╭──

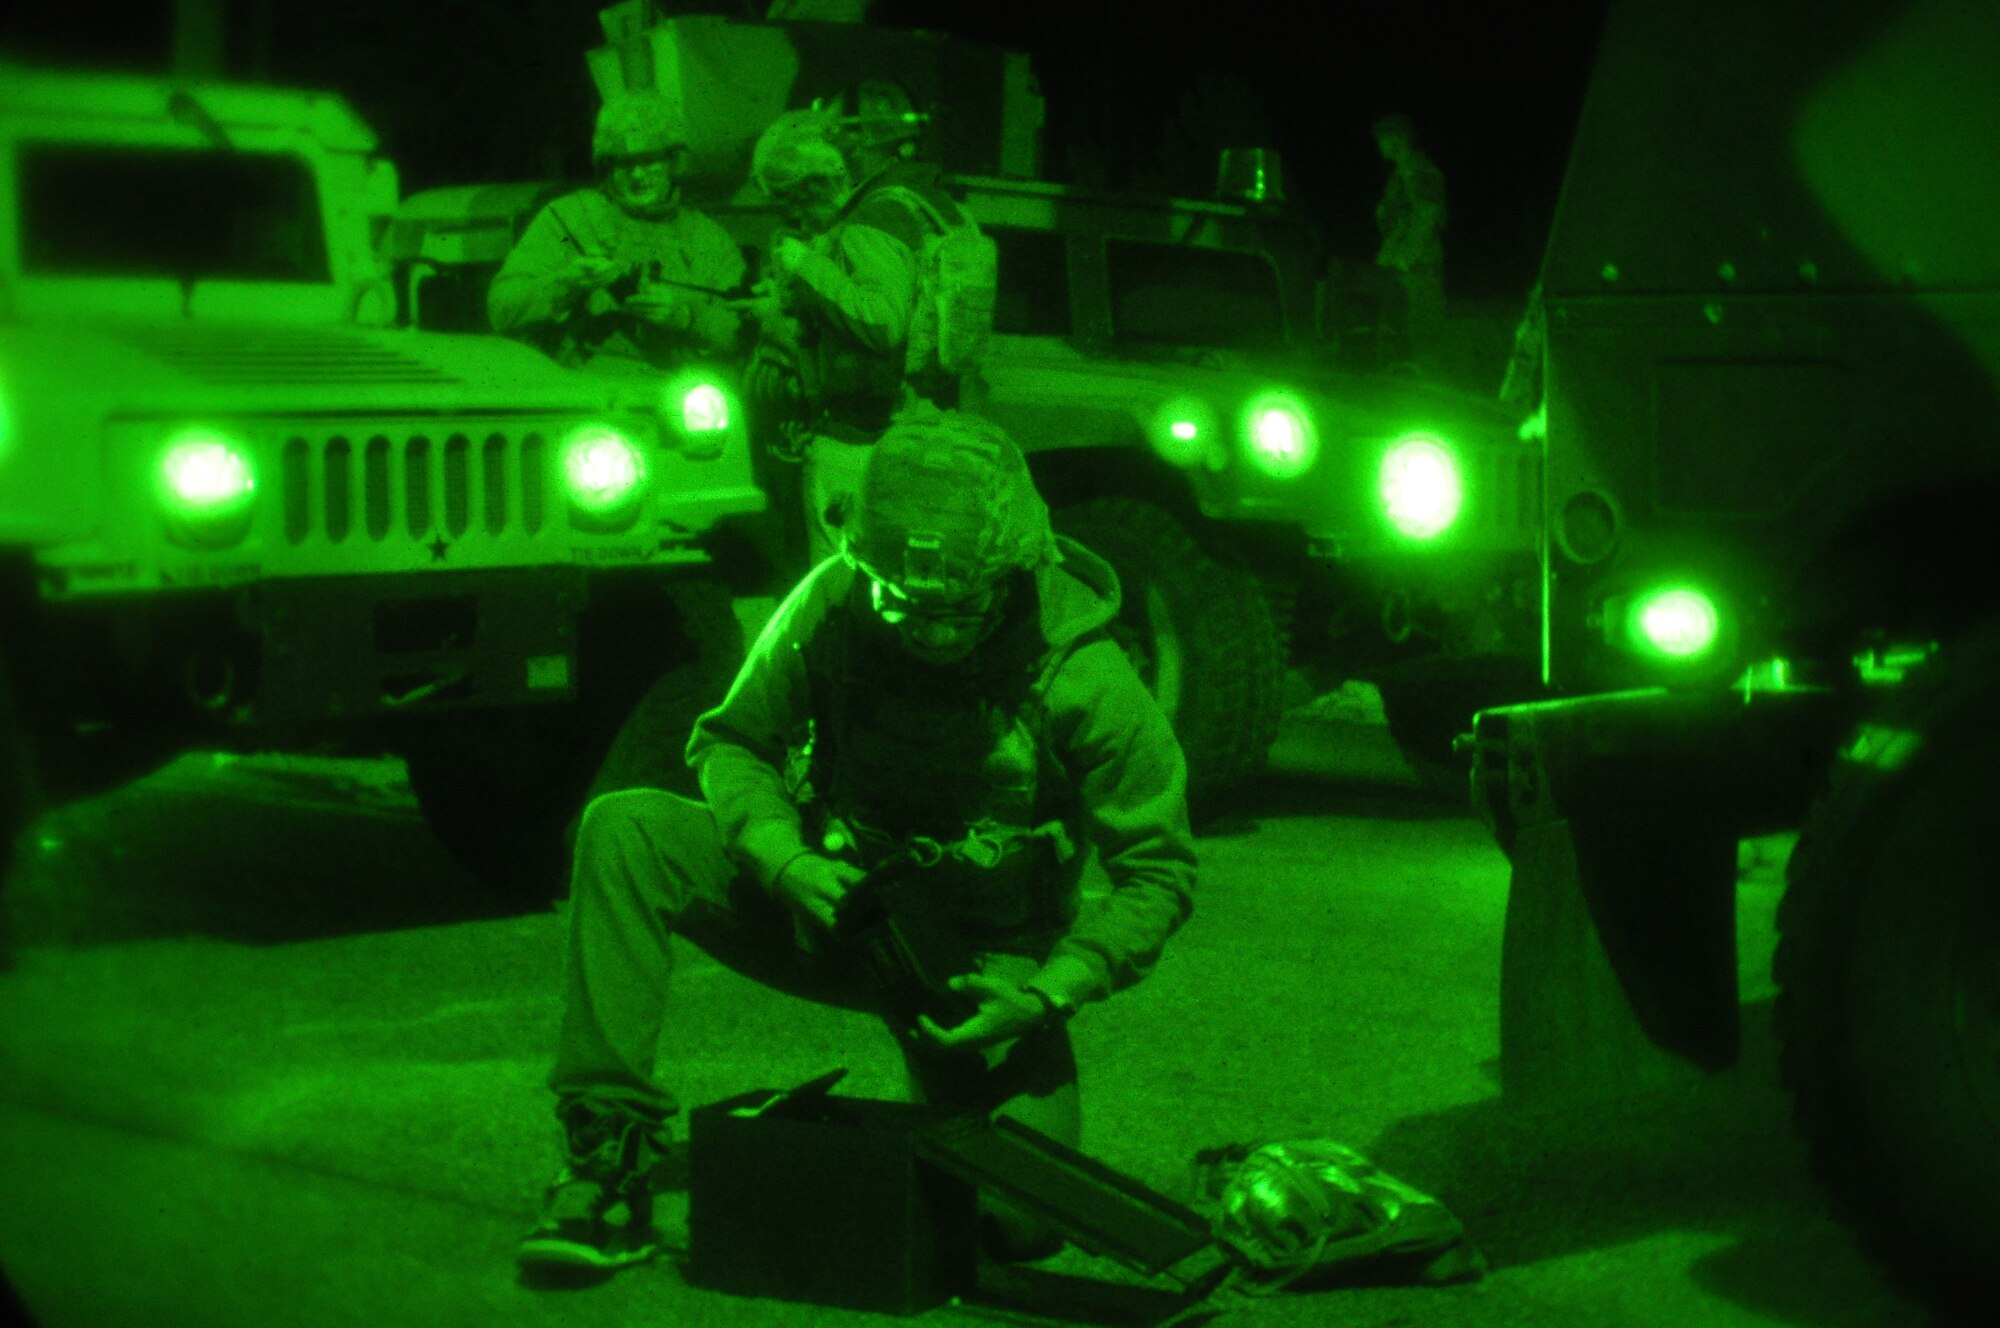 A 341st Security Forces Group Airman prepares for a mission at Malmstrom Air Force Base, Mont., during exercise GLOBAL THUNDER 16, Nov. 5, 2015. The 341st SFG is part of U.S. Strategic Command’s (USSTRATCOM) Task Force 214 and supports the command’s strategic deterrence mission by operating and maintaining the Air Force’s Intercontinental Ballistic Missile force. GLOBAL THUNDER is an annual U.S. Strategic Command training event that assesses command and control functionality in all USSTRATCOM mission areas and affords component commands a venue to evaluate their joint operational readiness. Planning for GLOBAL THUNDER 16 has been under way for more than a year and is based on a notional scenario with fictitious adversaries. USSTRATCOM, one of nine DoD unified combatant commands, relies on various task forces for the execution of its global missions, which also include space operations; cyberspace operations; joint electronic warfare; global strike; missile defense; intelligence, surveillance and reconnaissance; combating weapons of mass destruction; and analysis and targeting. (U.S. Air Force photo by Airman Collin 
Schmidt)
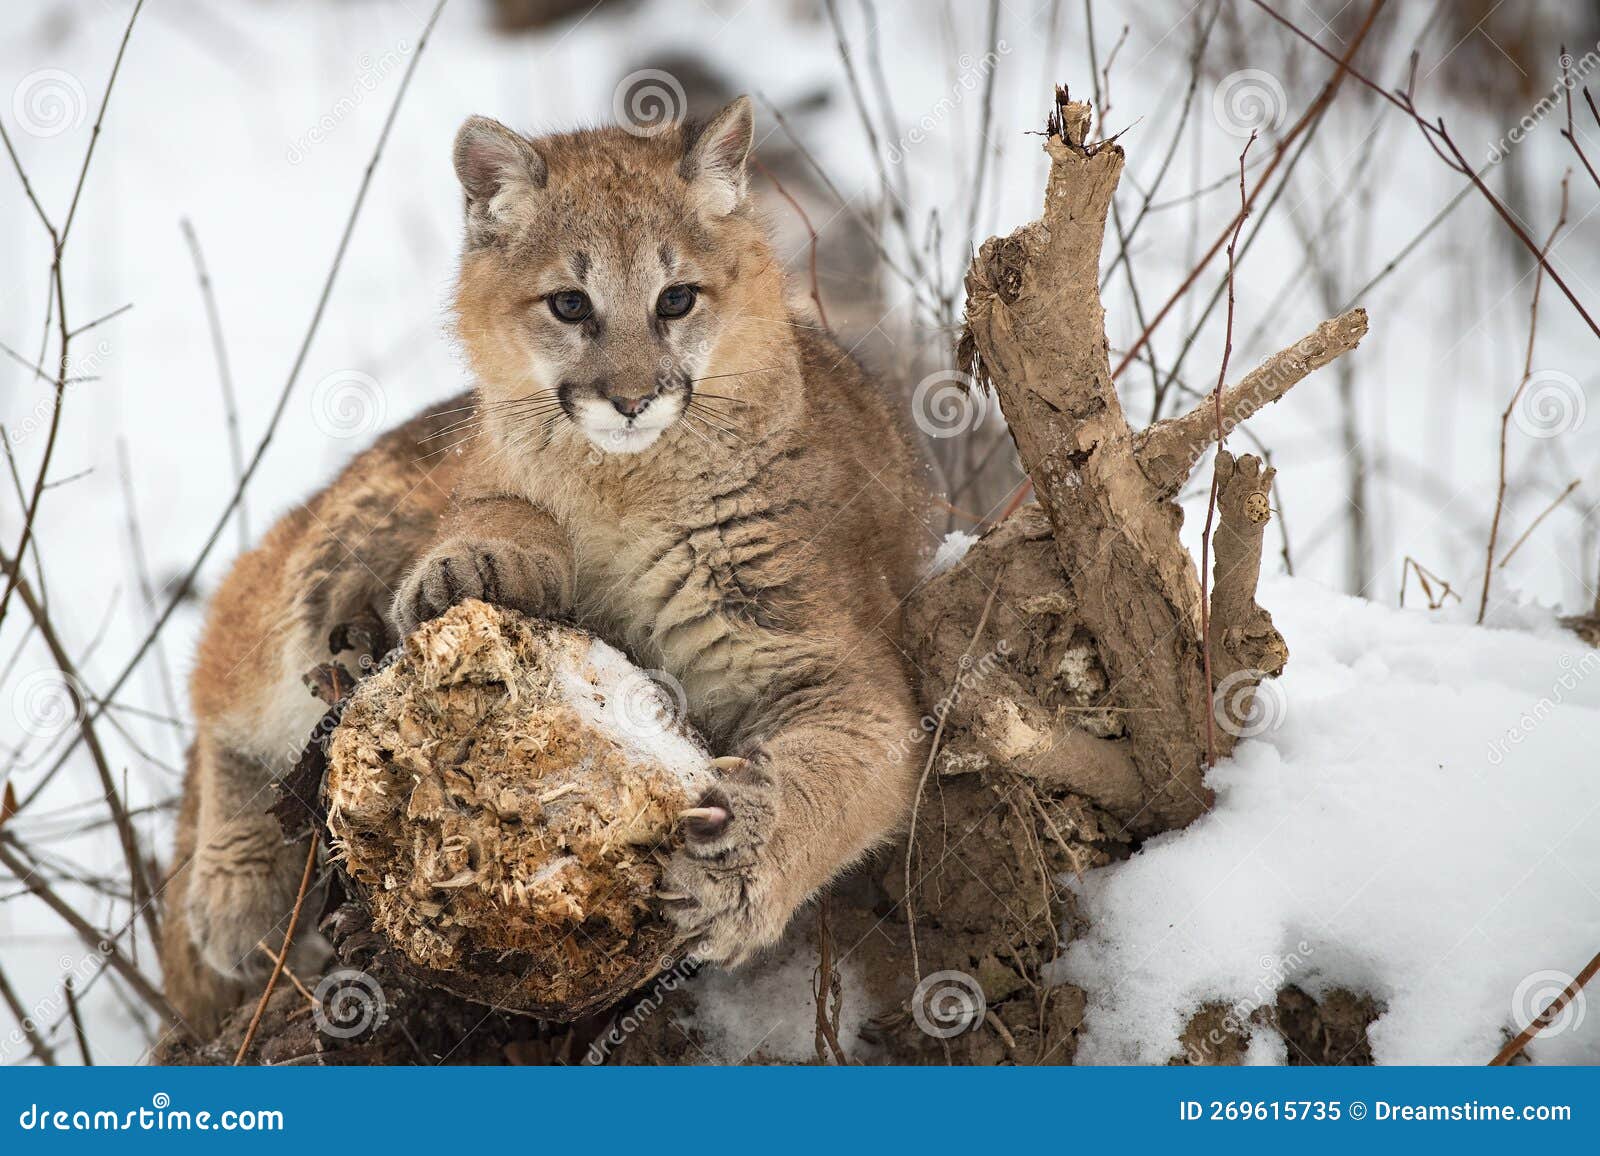 Female Cougar (Puma Concolor) Pauses To Look while Sharpening Claws on ...

╰──

Print the data again word for word, pictures excluded.

Answer space
 A 341st Security Forces Group Airman prepares for a mission at Malmstrom Air Force Base, Mont., during exercise GLOBAL THUNDER 16, Nov. 5, 2015. The 341st SFG is part of U.S. Strategic Command’s (USSTRATCOM) Task Force 214 and supports the command’s strategic deterrence mission by operating and maintaining the Air Force’s Intercontinental Ballistic Missile force. GLOBAL THUNDER is an annual U.S. Strategic Command training event that assesses command and control functionality in all USSTRATCOM mission areas and affords component commands a venue to evaluate their joint operational readiness. Planning for GLOBAL THUNDER 16 has been under way for more than a year and is based on a notional scenario with fictitious adversaries. USSTRATCOM, one of nine DoD unified combatant commands, relies on various task forces for the execution of its global missions, which also include space operations; cyberspace operations; joint electronic warfare; global strike; missile defense; intelligence, surveillance and reconnaissance; combating weapons of mass destruction; and analysis and targeting. (U.S. Air Force photo by Airman Collin 
Schmidt)
 Female Cougar (Puma Concolor) Pauses To Look while Sharpening Claws on ...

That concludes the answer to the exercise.